The Programme for the day was as follows:
|10:00||Roger Webb||University of Surrey||UKNIBC Update|
|10:20||Mateus Masteghin||University of Surrey||Ion Beam (Iimplantation) Induced Strain of Single-Crystal Membranes|
|10:40||Haitao Ye||University of Leicester||Ion-Implanted Diamond to Fight Fungus in Space|
|11:00||Dave Armstrong||University of Oxford||Using Ion Implantation to Understand Neutron Damage in Tungsten|
|11:20||Callum Littlejohns||Univertsity of Southampton||Silicon Photonics Prototyping with CORNERSTONE|
|11:40||Venkateswarlu Daramalla||University of Cambridge||Composition & Depth Profile of Light Elements of Epitaxial Y=Thin Films by Ion Beam Analysis|
|14:00||Andy Smith||University of Manchester - DCF||Applications at the DCF Facility|
|14:20||Alex Theodosiou||University of Manchester||Ion implantation of nuclear graphite to study fission product behaviour|
|14:40||Kirk Adams||University of Oxford||Understanding Radiation Damage in REBCO High Temperature Superconductors for Fusion Applications.|
|15:00||Kristian Stockbridge||University of Surrey||Deterministic Ion Implantation using the SIMPLE tools|
|15:20||Steve Clowes||University of Surrey||The RAISIN Network for Ion Implantion for Quantum Technologies|
|15:40||Graham Greaves||University of Huddersfield||An Update in the MIAMI Facility|
|16:00||Matthew Carr||University of Sheffield||Development of Next Generation APDs Based on AlxGa1-xAs1-yBiy|
|16:20||Jaap van den Berg||University of Huddersfield||An Update on the MEIS Facility|
User Poster presentations were available onsite during the lunch break.
We have recently heard the sad news that Daniel Colmer passed away after a short battle with cancer.
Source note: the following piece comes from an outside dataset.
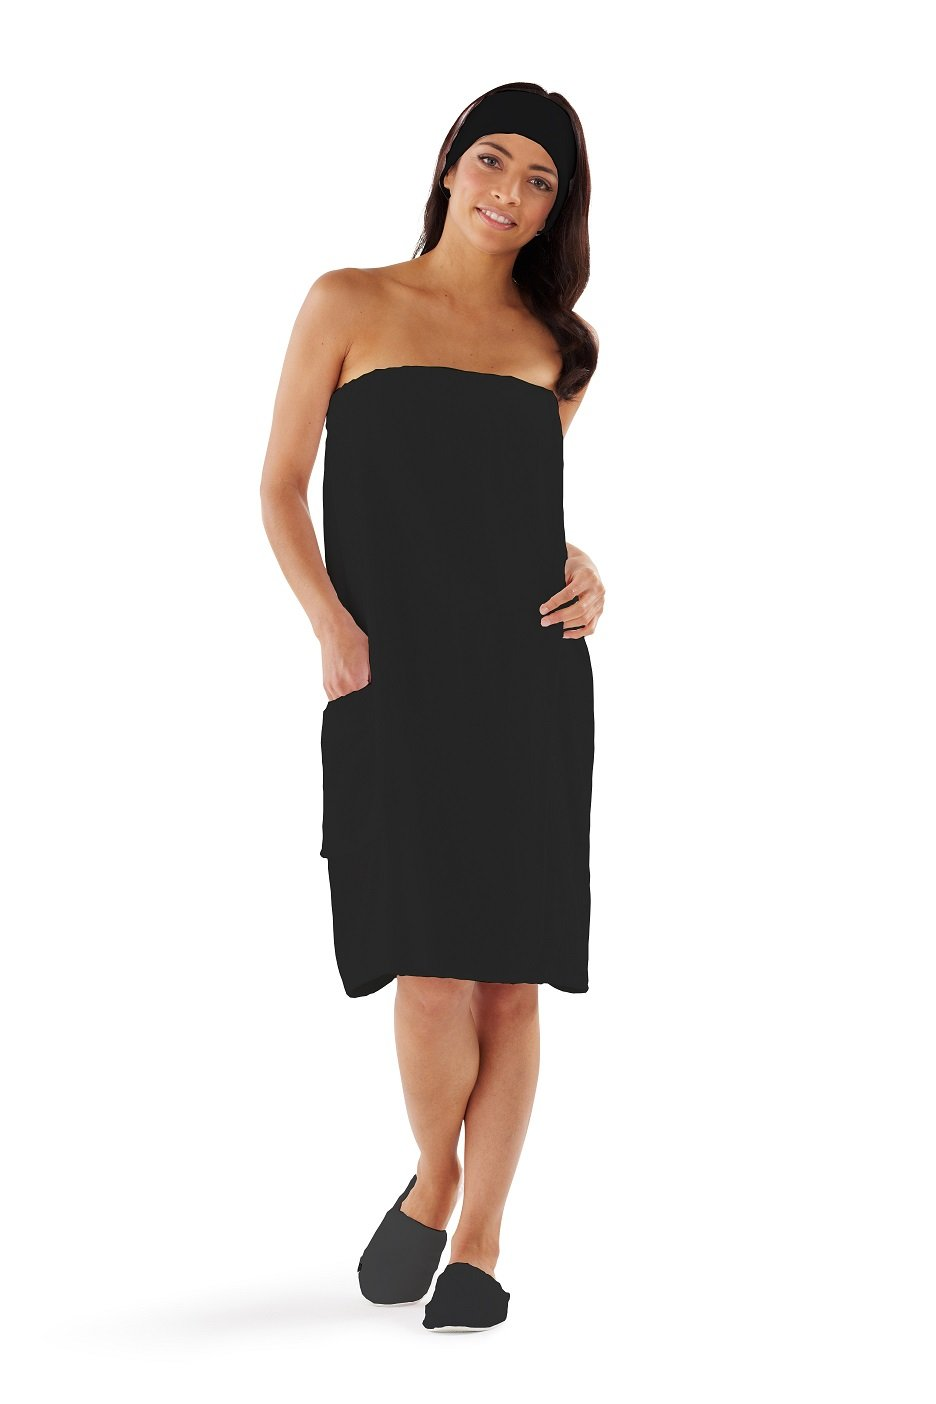 Boca Terry Womens Spa Wrap - 100% Cotton Spa, Shower, Bath and Gym Towel w Snaps - Med/Large, XXL, 4XL, 6XL Black

Daniel first visited us at the Ion Beam Centre when he was 12 years old in 2009. He described his experience then as: “all brill to the power of infinity”. He came back to us when he was 16 for a holiday job. Initially we paid him in old computer parts – something he had a great fascination for and something we had a great deal of!
For the last two or three years we paid him in real money. He had become part of the "family" and we were putting his talents to good use.
We will miss his enthusiasm and good humour, and fascination for all thing science and we are all very sad to lose him so young.